Currently, the aromatics and light olefins are obtained mainly from petroleum refining, natural gas or coal. Along the last decades, natural gas conversion into higher value chemicals has gained importance, such as olefins and aromatics. The main reasons are its high hydrogen to carbon (H/C), its composition, which is independent of the source, and its availability, as world reserves are larger than those of oil, especially if shale gas is considered. Therefore, the methane aromatization reaction (MDA) is studied as a route for obtaining aromatics. The most widely used catalyst for this reaction is Mo/H-ZSM-5. Thus, the effect of various parameters on the catalyst activity has been studied, such as the physico-chemical properties of the parent sample and the metal component incorporation procedure, in order to find the optimum catalyst Mo/ZSM-5. Moreover, this study has allowed correlating successfully amount and nature of the two active centers involved in this reaction with methane conversion and product distribution. On the other hand, one of the mayor drawbacks of this reaction is the strong deactivation of the catalyst; therefore, a study of the regeneration possibilities has been carried out and has allowed the design of an effective protocol to prolong the catalyst life and with the aim of expanding its industrial applications. Furthermore, other medium pore and multipore zeolitic structures have been studied as alternative to ZSM-5 zeolite, and their catalytic behavior has been successfully correlated with their topologies.
Regarding the transformation and redistribution of the BTX aromatics, alkylation, disproportionation and isomerization reactions have been studied, which employ acid zeolites as catalyst to obtain alkylaromatics with high interest for the petrochemical industry, such as xylenes, ethylbenzene, cumene, ethyltoluene and cymene. The main zeolites used in these processes at commercial scale are ZSM-5, MCM-22, Beta and MOR. Therefore, new zeolitic materials have been studied considering the molecular dimension of reactants, products and reaction intermediates, as well as the dimensions of the zeolite's pore topologies. Multipore zeolites have also been included in this study, due to the potential "molecular traffic control" type of selectivity that can be improved by these structures presenting interconnected channel apertures of different size. The best performing zeolitic structures for these processes are ITQ-13, ITQ-22, ITQ-39 and ITQ-47, which due to their good catalytic behavior, could be considered as an attractive alternative to be used as catalysts on commercial scale. / [ES] La presente tesis doctoral se centra en procesos reactivos catalizados mediante zeolitas para la obtención y transformación de aromáticos (fracción BTX). Estos compuestos son, junto con las olefinas ligeras, los pilares sobre los que se basa la industria petroquímica y de química orgánica en general, pues son la materia prima para muchos productos, tales como monómeros de poliésteres, poliamidas, plásticos de ingeniería, y productos intermedios para la fabricación de detergentes, fármacos, fertilizantes, y explosivos.

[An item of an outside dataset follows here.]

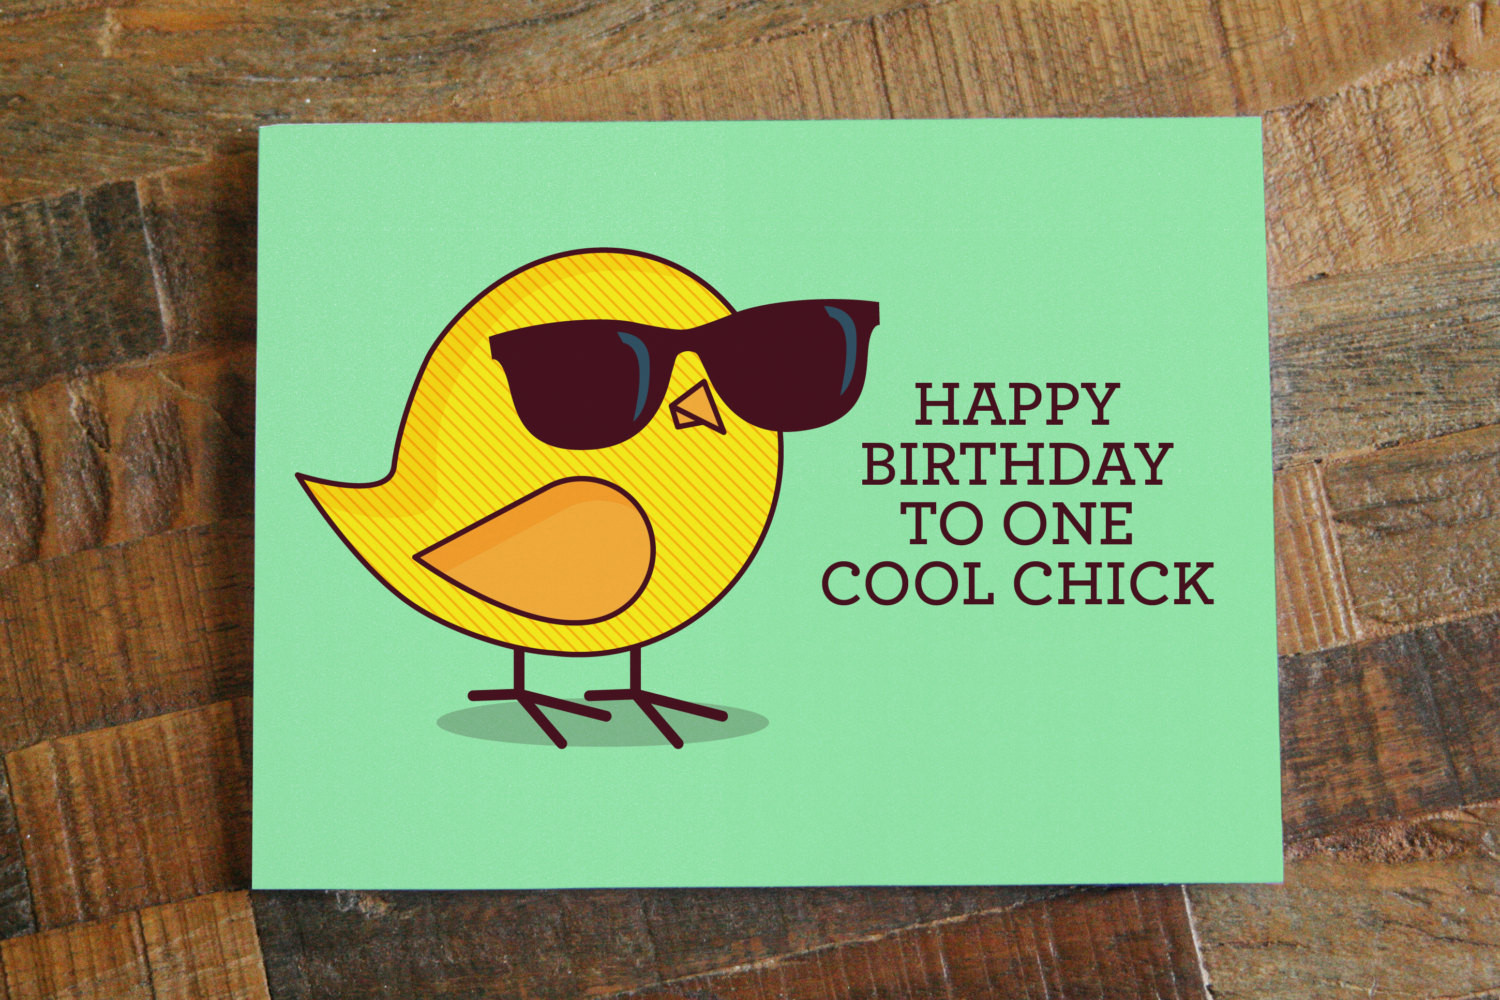 Funny Birthday Wishes For Women
 Funny Birthday Card For Her "Happy Birthday to e Cool

Actualmente los aromáticos y las olefinas se obtienen principalmente del refino del petróleo, del gas natural o del carbón. En las últimas décadas ha ganado importancia la transformación del gas natural a productos químicos de mayor valor añadido, tales como olefinas y aromáticos, en parte debido a su elevada relación hidrógeno-carbono (H/C), a que su composición es independiente de la fuente de donde provenga, y a que las reservas mundiales de gas natural son superiores a las de petróleo, especialmente si se tiene en cuenta el gas pizarra. En la presente tesis, se ha estudiado la reacción de aromatización de metano (MDA) como una alternativa para la obtención de aromáticos. El catalizador más empleado para esta reacción es Mo/H-ZSM-5. Así, se ha estudiado la influencia de diversos parámetros en la actividad catalítica del mismo (propiedades físico-químicas de la zeolita de partida y método de incorporación del componente metálico) con el objetivo de buscar el catalizador Mo/ZSM-5 óptimo. Este estudio ha permitido correlacionar los dos tipos de centros activos involucrados en esta reacción con la conversión de metano y la formación de productos. Uno de los grandes inconvenientes que presenta esta reacción es la fuerte desactivación que sufre el catalizador, por lo que se ha realizado un estudio de las posibilidades de regeneración del mismo, lo que ha permitido diseñar un protocolo de trabajo útil para alargar la vida del catalizador y ampliar sus posibilidades de aplicación a nivel industrial. Además, se ha estudiado el empleo de otros materiales zeolíticos con estructuras de poro medio y multiporo como posibles alternativas a la ZSM-5, y se ha correlacionado su comportamiento catalítico con las distintas topologías.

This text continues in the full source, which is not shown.